Und die sucht, in der Tat, ihre Balance. Die Vielfalt der Gruppen, die Vielfalt der Meinungen auf den Montagsdemonstrationen zeigt nicht nur eine offene Gesellschaftsordnung, sondern eine Gesellschaft zwischen Freiheiten und Rechten. Der Teil, der verängstigt oder beunruhigt oder verärgert ist, erfährt aber die SPD-geführte Regierung als dirigistisch, zentralstaatlich, von oben herab, sowohl in den Entscheidungen als auch in der Ansprache.

Wie Helmut Schmidt vor drei Jahrzehnten sagte: Wenn die Demokratie in diesem Land gefestigt ist, so verdanken wir dies ganz wesentlich der Tatsache, „dass die Arbeitnehmer zu dieser zweiten deutschen Demokratie stehen.
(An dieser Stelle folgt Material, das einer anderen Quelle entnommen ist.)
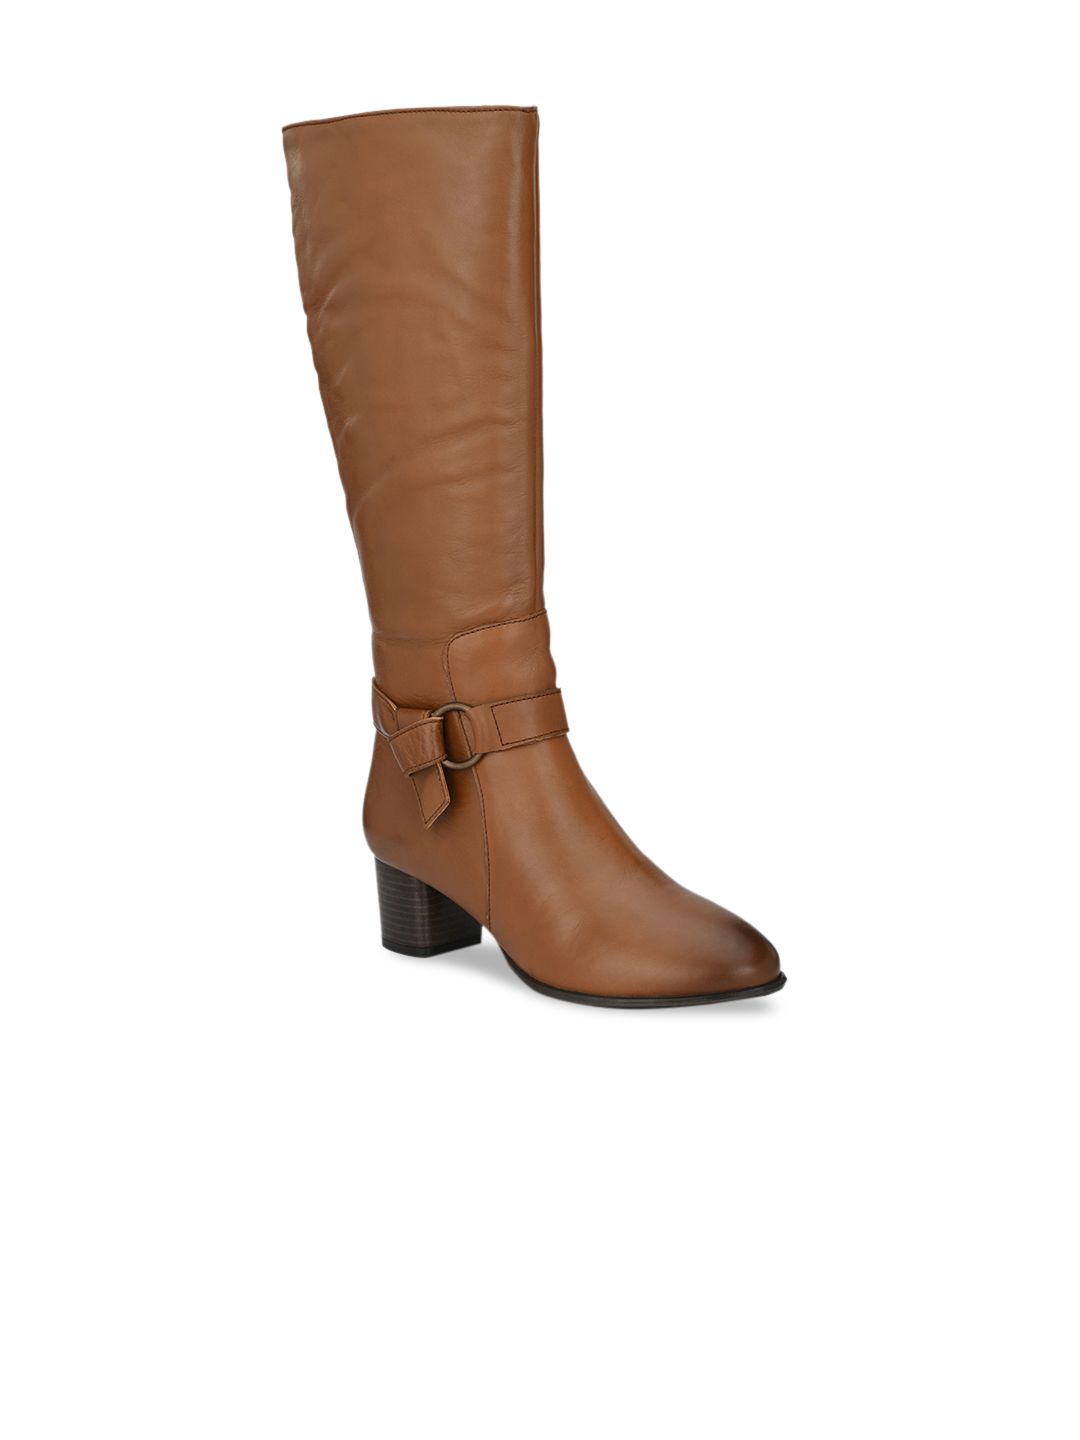 Delize Tan Brown Leather High-Top Block Heeled Boots with Buckles Price in India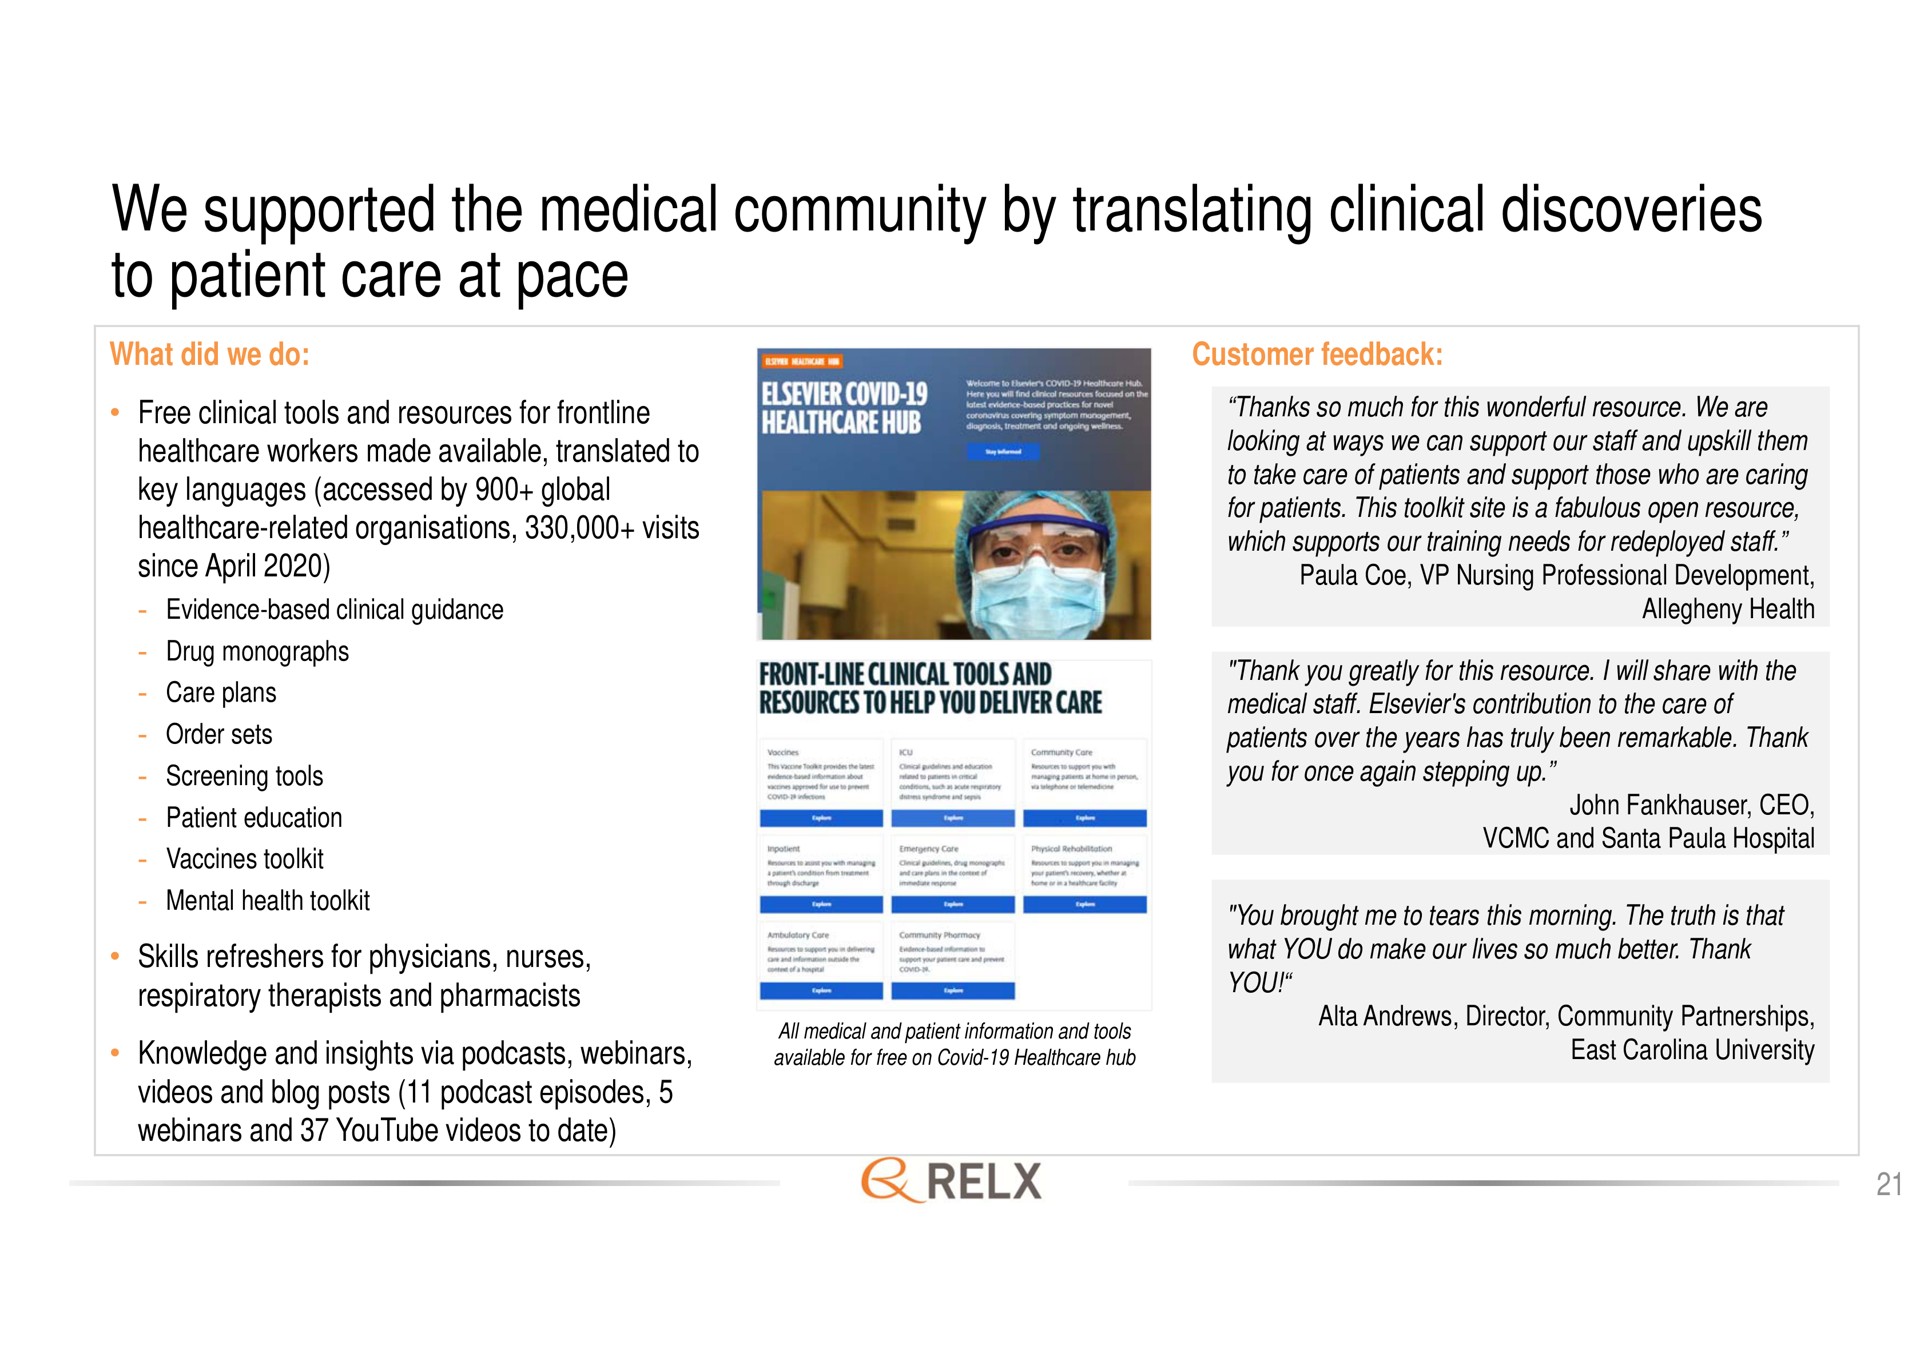 we supported the medical community by translating clinical discoveries to patient care at pace | RELX

Nur solange dies so bleibt, bleibt die Demokratie stabil“. Die Pflicht aller Regierungen „ist es, jene soziale Sicherheit und jene Gerechtigkeit fortschreitend zu verwirklichen, aus der allein die Identifikation der Arbeitnehmer mit ihrem Staat kommen kann“. Niemand sagt, dass dafür keine neuen, zivilgesellschaftlichen Ansätze genutzt werden dürfen, lokale Allianzen, kleine Initiativen.

Die neuen sozialen Bewegungen, die eigentlich die natürlichen Bundesgenossen der Bundesregierung sein sollten, werden zu denen, die ein weiteres Manko aufdecken: So wenig, wie Rot-Grün in den großen wirtschaftlichen Einheiten verankert ist, so wenig sind sie es in den kleinen, den bürgerschaftlichen. Und weil Demokratie Herrschaft auf Frist ist: Die des gegenwärtigen Bündnisses beträgt noch zwei Jahre. „Bis dahin ist vieles zu tun“, schloss Helmut Schmidt seine Regierungserklärung 1974.